Everybody who knows about the Office of the Comptroller of Currency raise your hand.
In January 2004, a previously obscure and little-noticed, presidential appointee, the Comptroller of Currency, unilaterally revoked the right of states to enforce consumer protection laws in situations where a national bank or its subsidiary is the alleged violator. This neocon, Bush Administration lawyer just usurped power by edict. A state could no longer prosecute, or even investigate preditory lenders.

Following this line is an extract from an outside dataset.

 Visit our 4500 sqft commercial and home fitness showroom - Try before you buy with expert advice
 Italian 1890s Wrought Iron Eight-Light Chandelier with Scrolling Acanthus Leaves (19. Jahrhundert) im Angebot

The Attorneys General of all 50 states objected. An entire layer of legal protection had been pulled out from under homeowners with a mortgage; the working poor, who resort to payday loans; and other vulnerable credit customers. Suddenly their only avenue of appeal and redress was an agency in Washington. An agency that had been the spearhead of deregulation and reduced supervision.
The New York State Superintendent of Banks, Diana L. Taylor testified before Congress on January 28, 2004 saying:
“As you know, the Comptroller of the Currency has recently issued sweeping regulations that seek to preempt almost all state laws that apply to national banks and their subsidiaries. This regulation also tries to shield all national banks - and their subsidiaries - from oversight, inspection and enforcement actions by any state authority, including the state attorneys general.
The Comptroller has said that these new regulations are merely the next natural step in that agency's interpretation of . . . Gramm-Leach-Bliley. The Comptroller has also said that these changes are incremental in nature and unlikely to have major effects on the banking industry or on consumers' experiences with financial institutions.
Chairwoman Kelly, members of the Committee, these claims are not true. These regulations are not minor or incremental changes. Their scope is nearly unlimited, and their implications are potentially enormous. These regulations exceed the OCC's statutory authority and disregard Congressional intent. The OCC adopted these regulations over the strong objections of CSBS, the National Governors Association, the National Conference of State Legislatures and all fifty state attorneys general. In adopting the regulations, the OCC ignored your own request for extra time to consider their implications. Instead, the OCC issued a set of regulations that may affect millions of consumers across the country without a public hearing and without meaningful consultation with the parties these regulations would affect.”
The Office of the Comptroller of Currency is a secret power place. The Comptroller, or Director of the OCC is ex-officio a Director of FIDC, the insurer of bank deposits that is the last line of economic defense for most Americans, and on top of that s/he is a director of the Federal Financial Institutions Examination Council.
Whozat? They’re the ones who decide what information and in what form banks and financial service companies have to report to the federal government.
DAMN! That’s a powerful little office.